* **What the task requires**: The whole listing below must be printed again exactly, images excluded.

* **Source data**:

━━━━━━━━━━━━━━━━

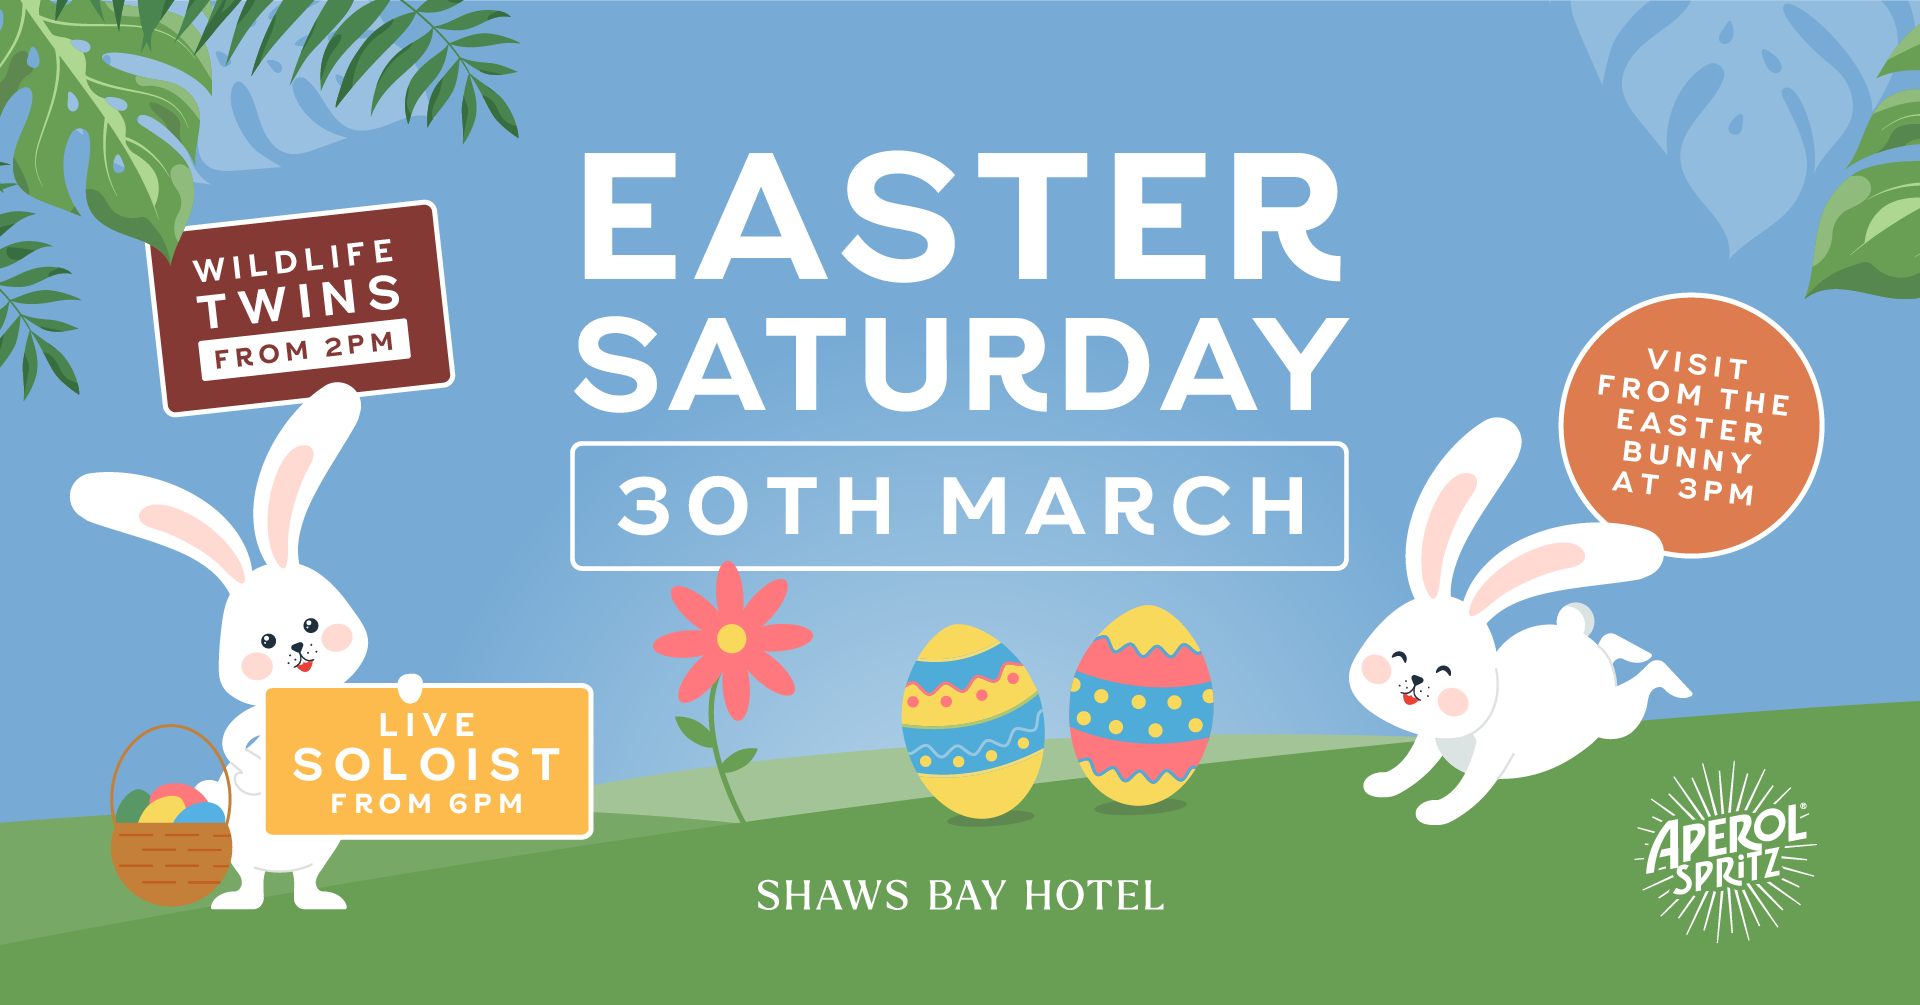 Easter Saturday at Shaws Bay Hotel
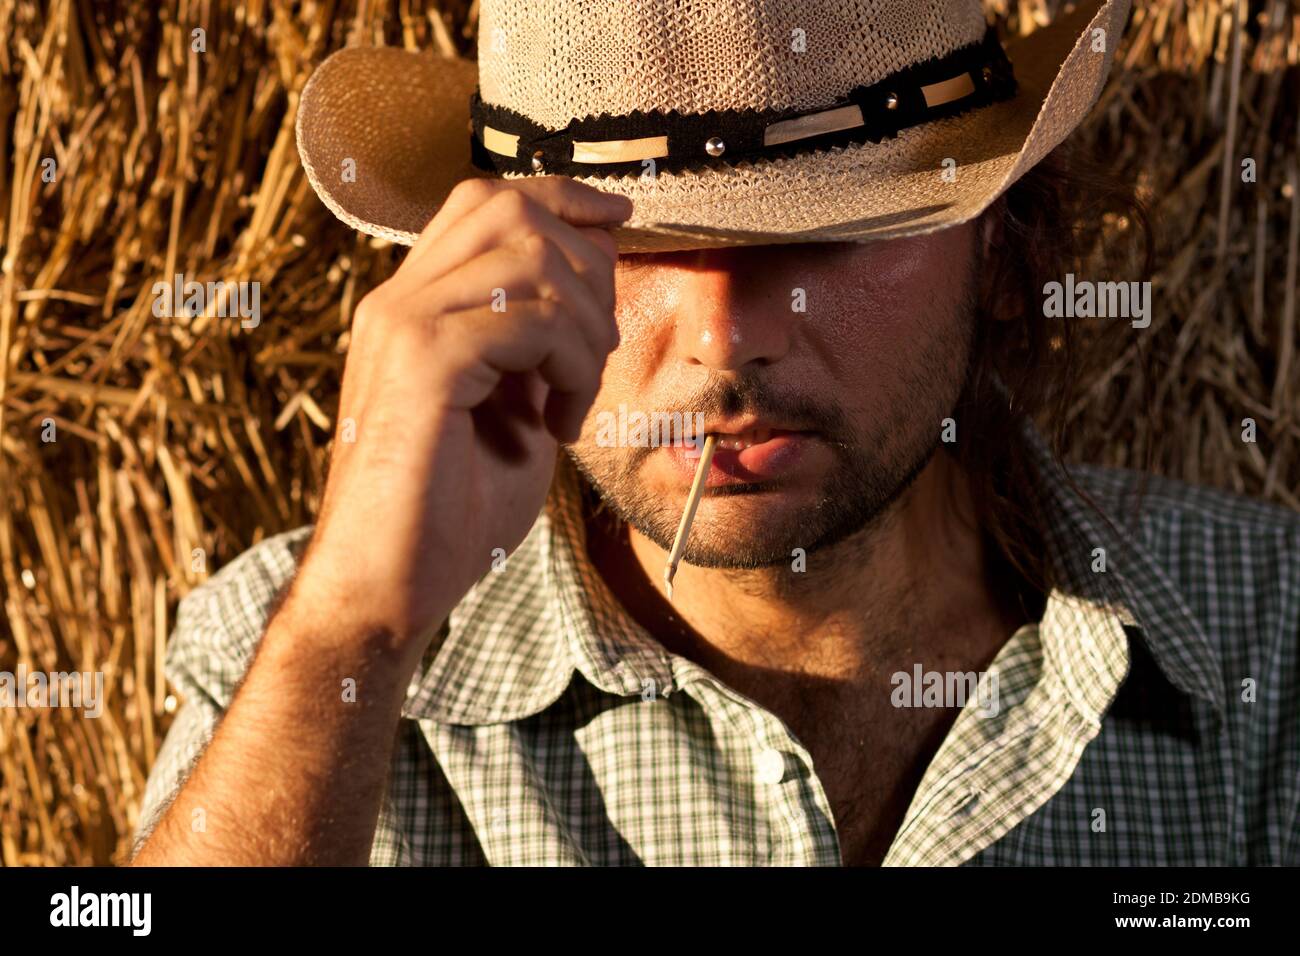 Cowboy avec de la paille dans sa bouche en tenant son chapeau Photo Stock -  Alamy
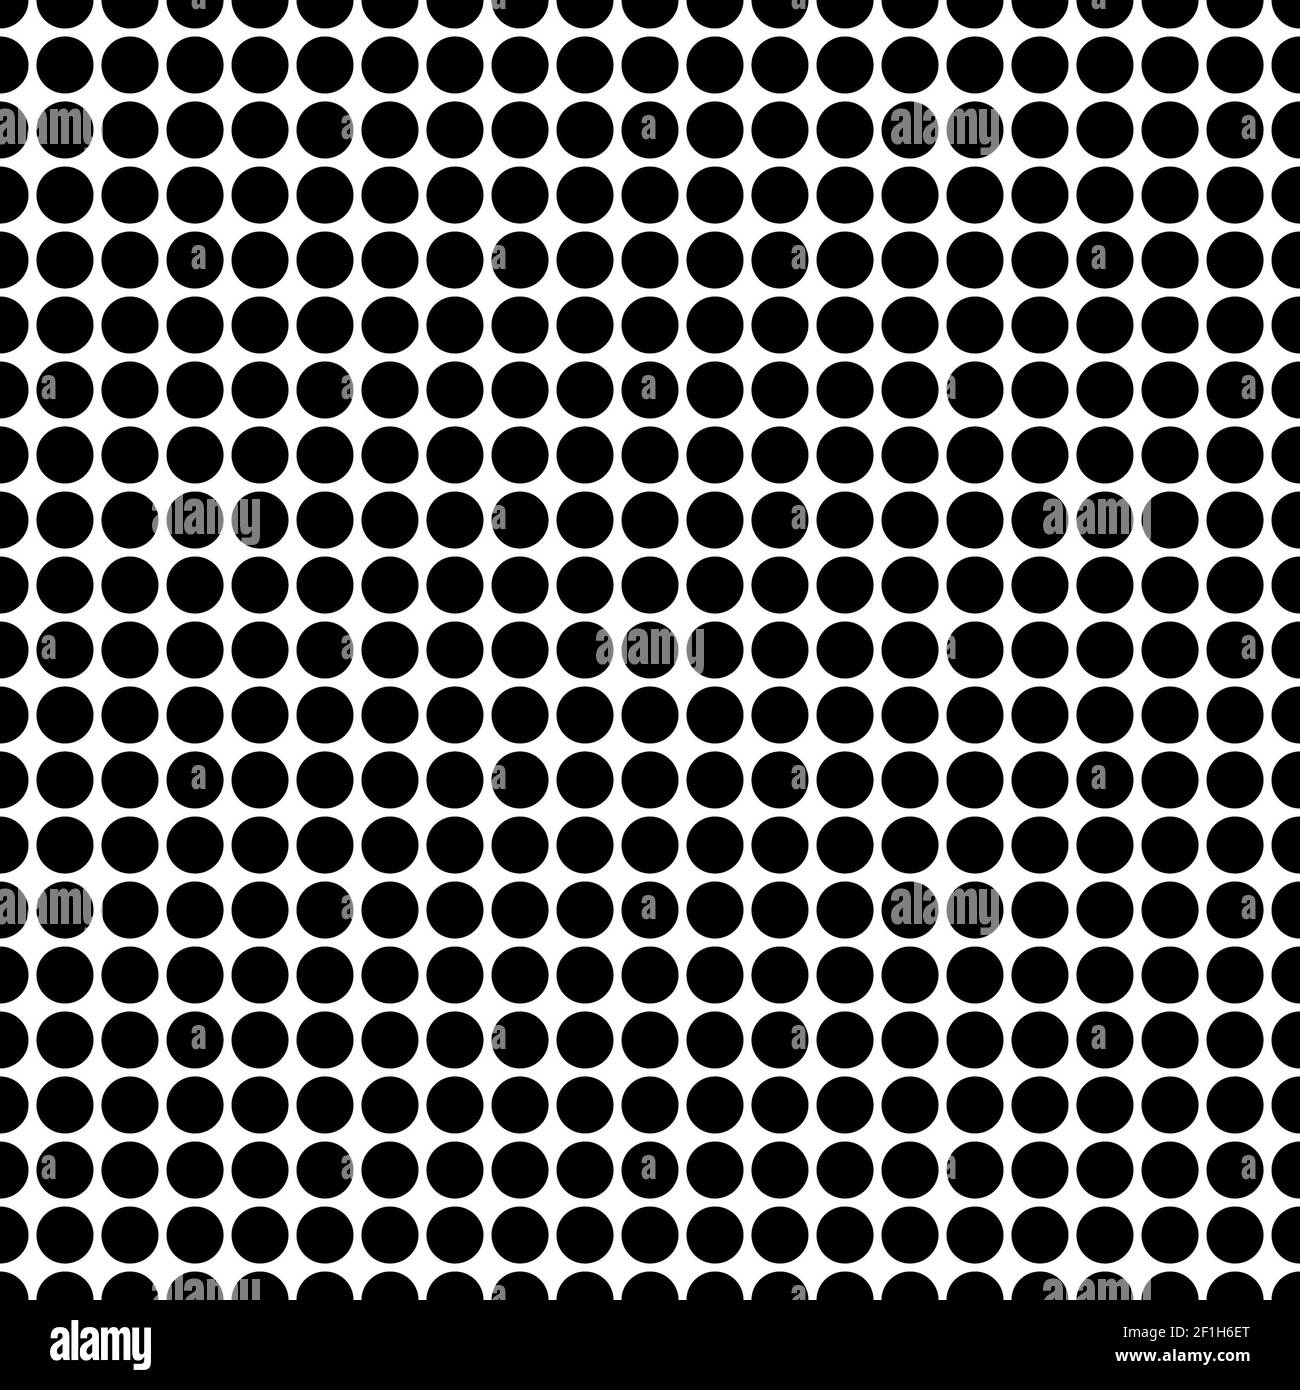 Arrière-plan transparent avec points noirs Banque D'Images
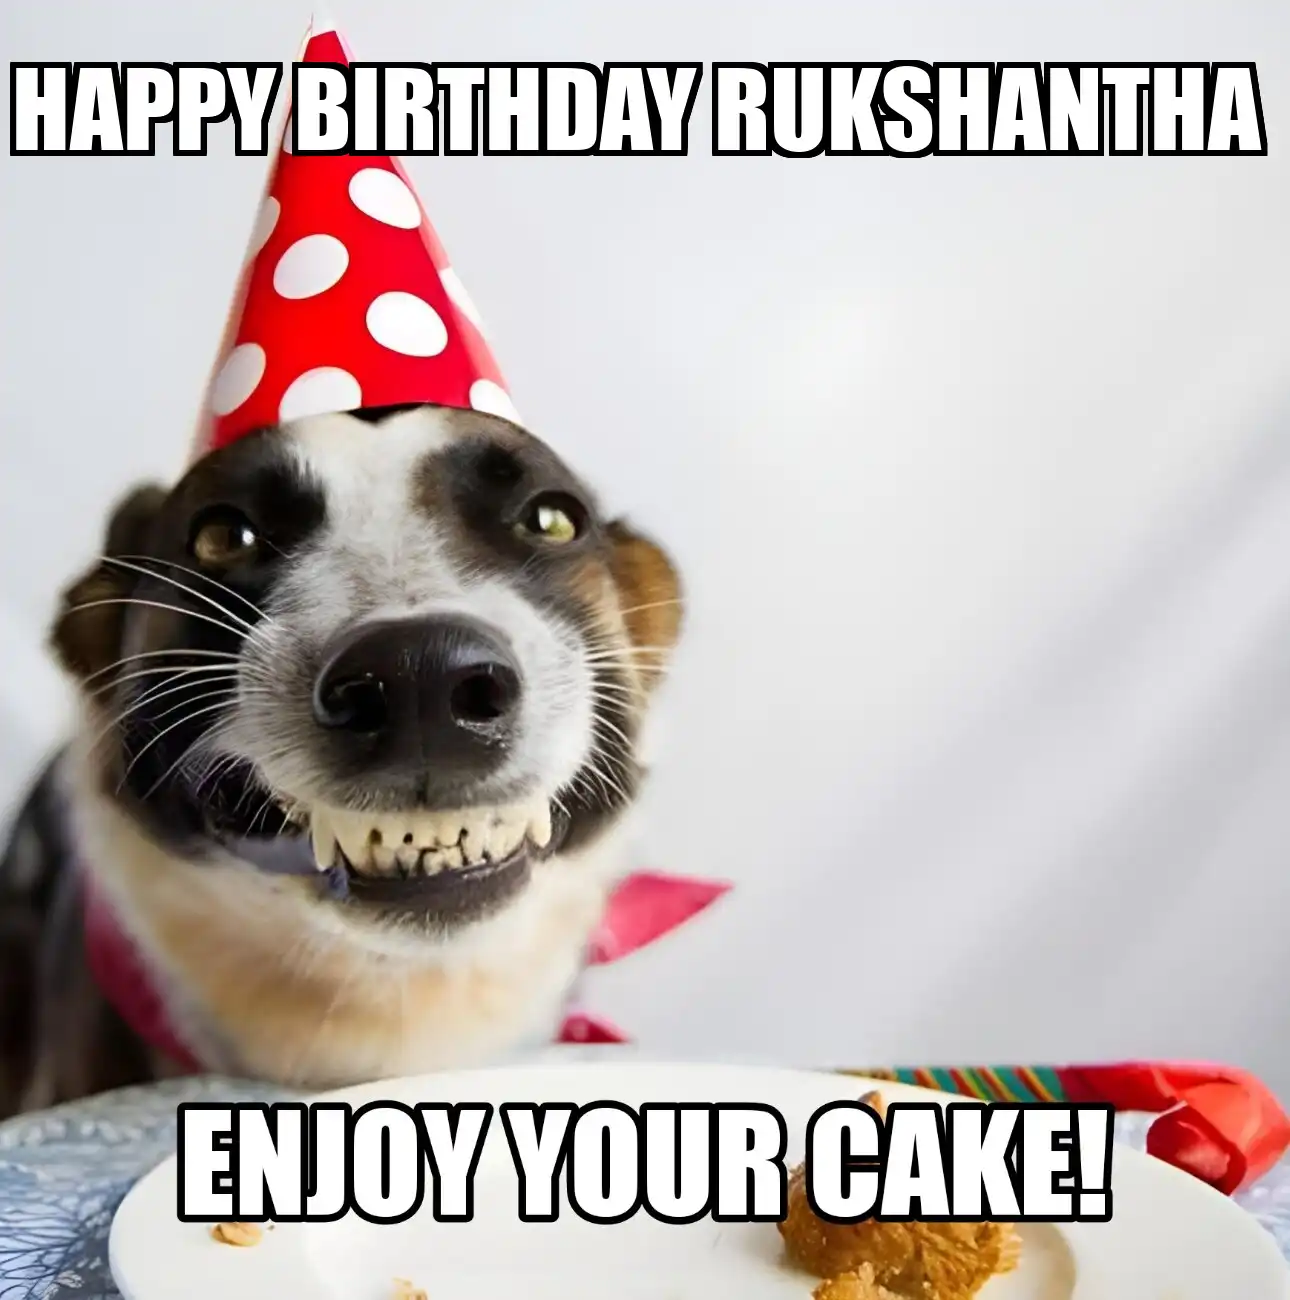 Happy Birthday Rukshantha Enjoy Your Cake Dog Meme

━━━━━━━━━━━━━━━━

* **Task result**:
 Easter Saturday at Shaws Bay Hotel
 Cowboy avec de la paille dans sa bouche en tenant son chapeau Photo Stock -  Alamy
 Arrière-plan transparent avec points noirs Banque D'Images
 Happy Birthday Rukshantha Enjoy Your Cake Dog Meme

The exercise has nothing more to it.